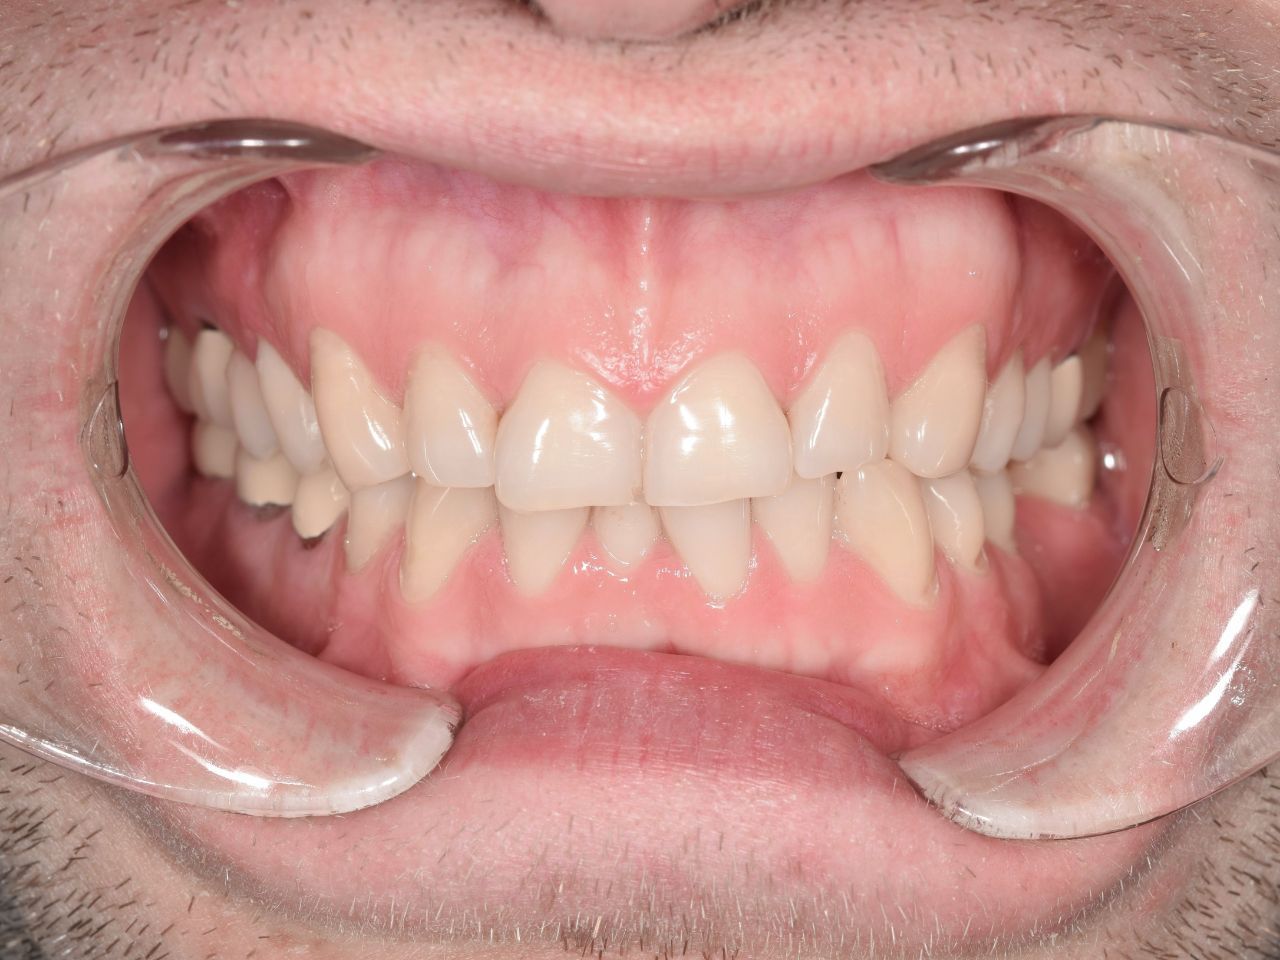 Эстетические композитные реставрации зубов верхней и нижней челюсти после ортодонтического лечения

---

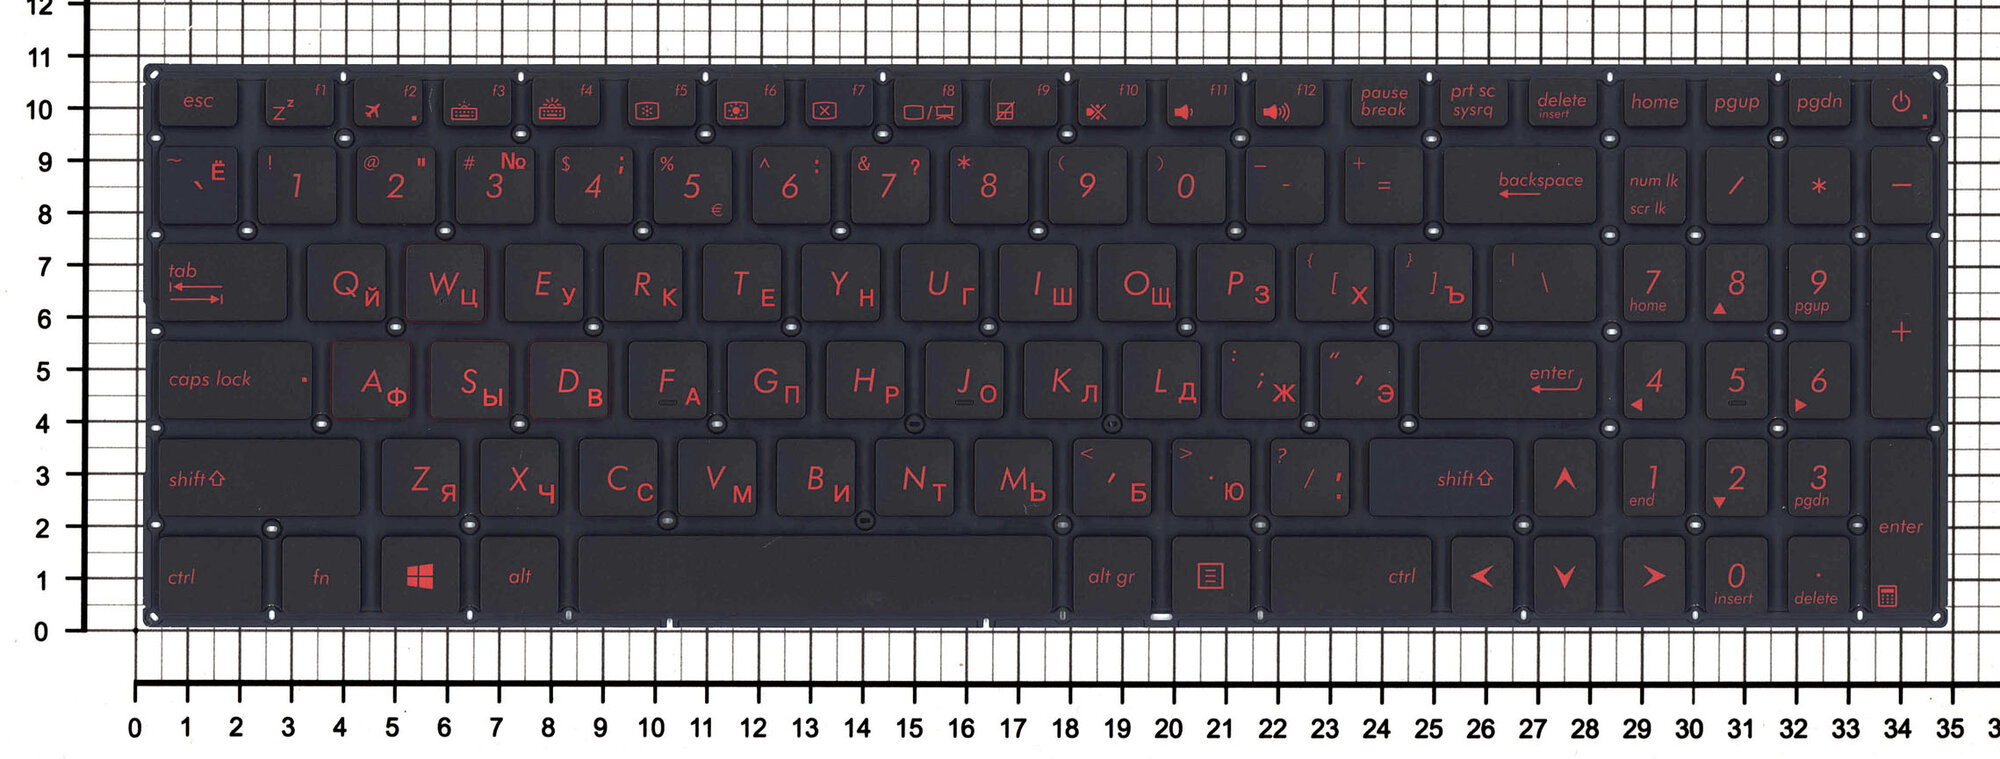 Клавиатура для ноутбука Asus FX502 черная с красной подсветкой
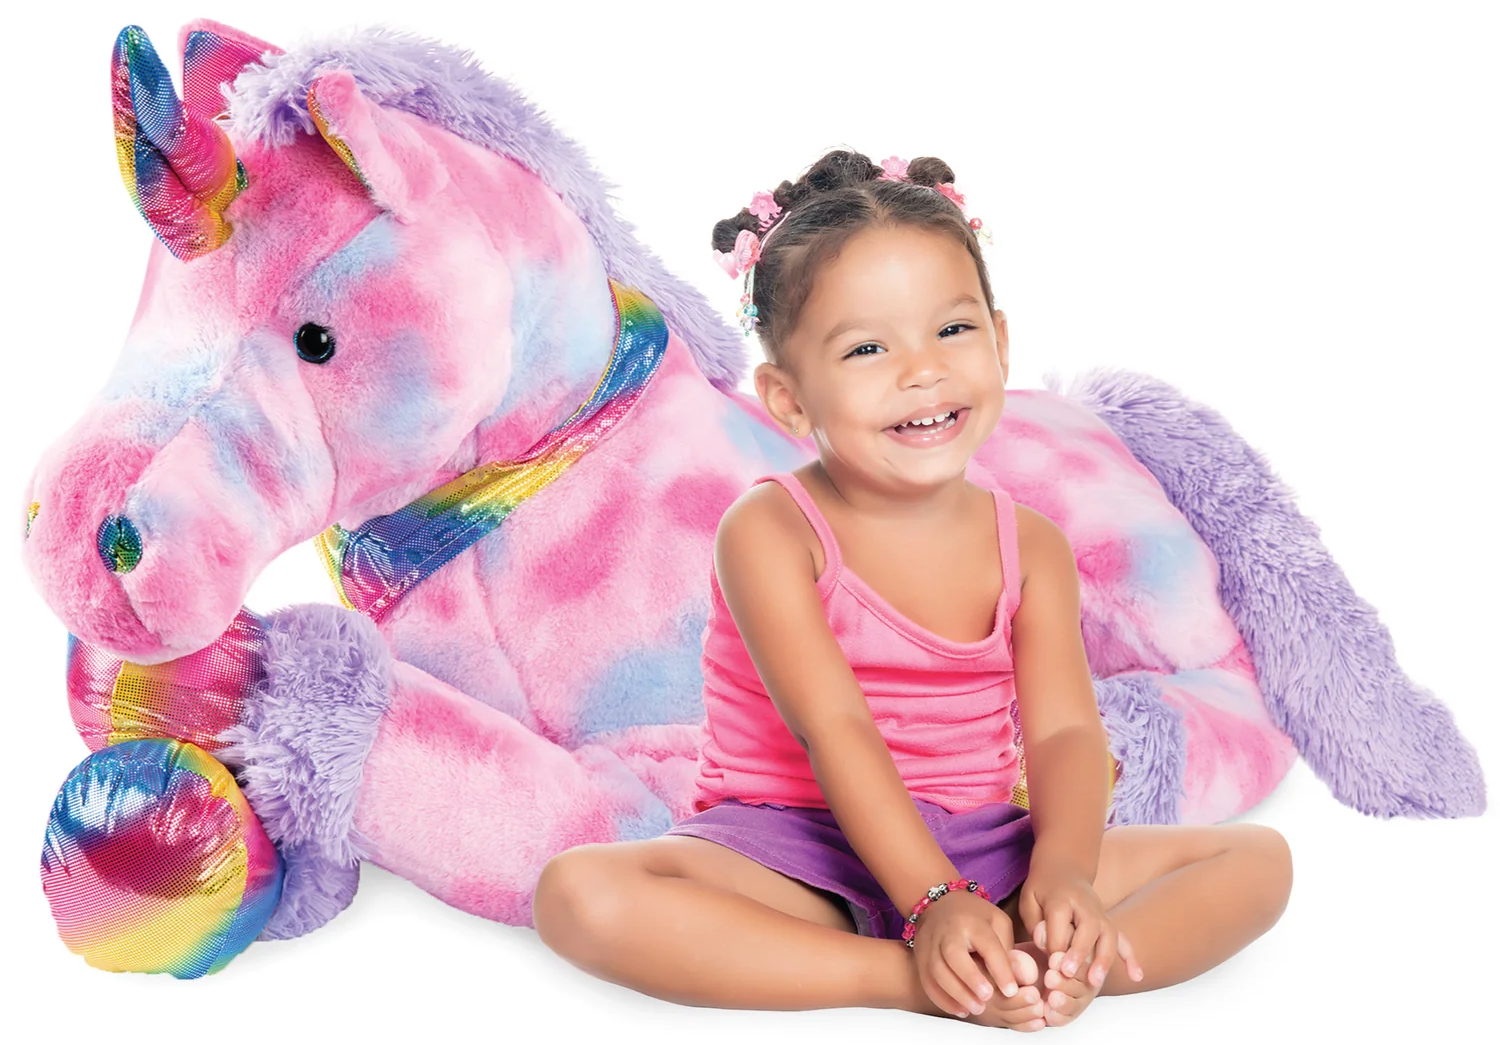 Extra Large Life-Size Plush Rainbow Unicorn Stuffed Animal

---

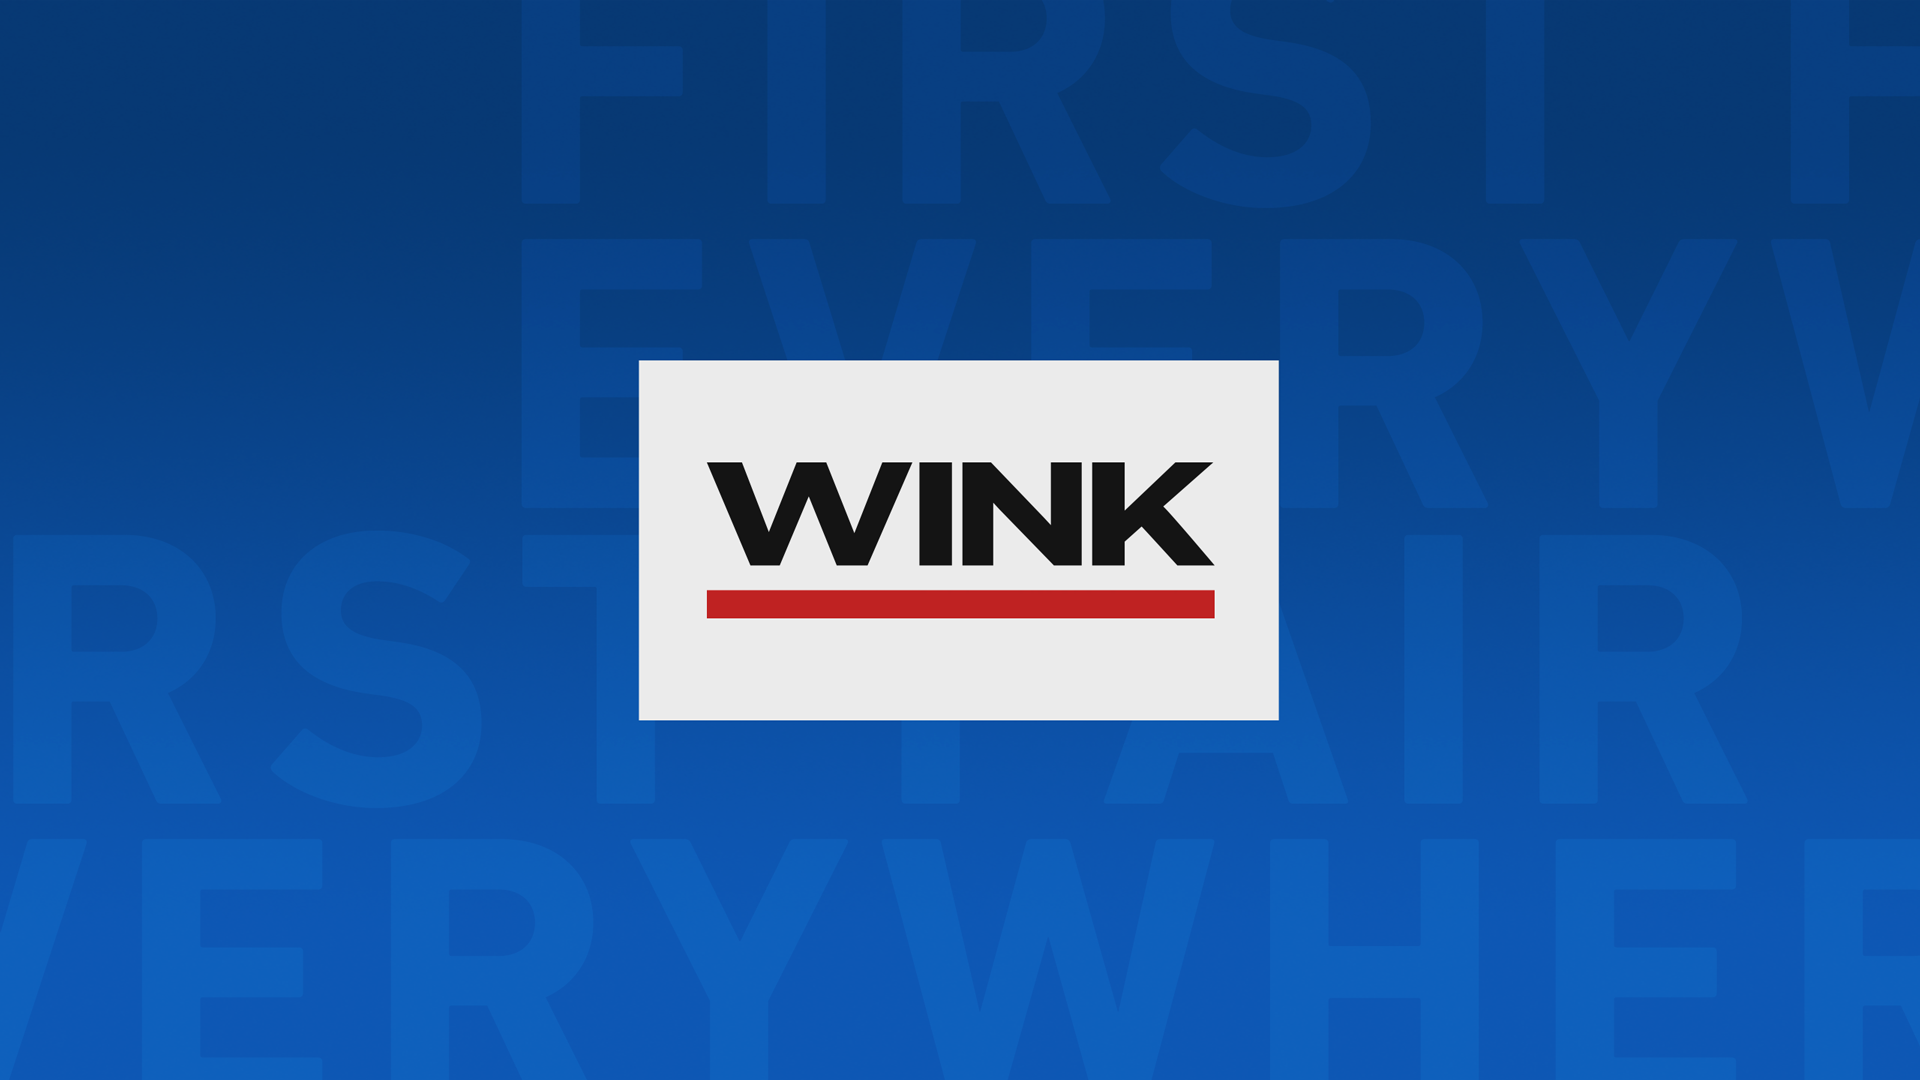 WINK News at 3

# WHAT YOU WILL DO
Transcribe only the lines above that start at the line containing "Клавиатура для ноутбука" and end at the line containing "Extra Large Life-Size". Omit pictures.

# RESULT
 Клавиатура для ноутбука Asus FX502 черная с красной подсветкой
 Extra Large Life-Size Plush Rainbow Unicorn Stuffed Animal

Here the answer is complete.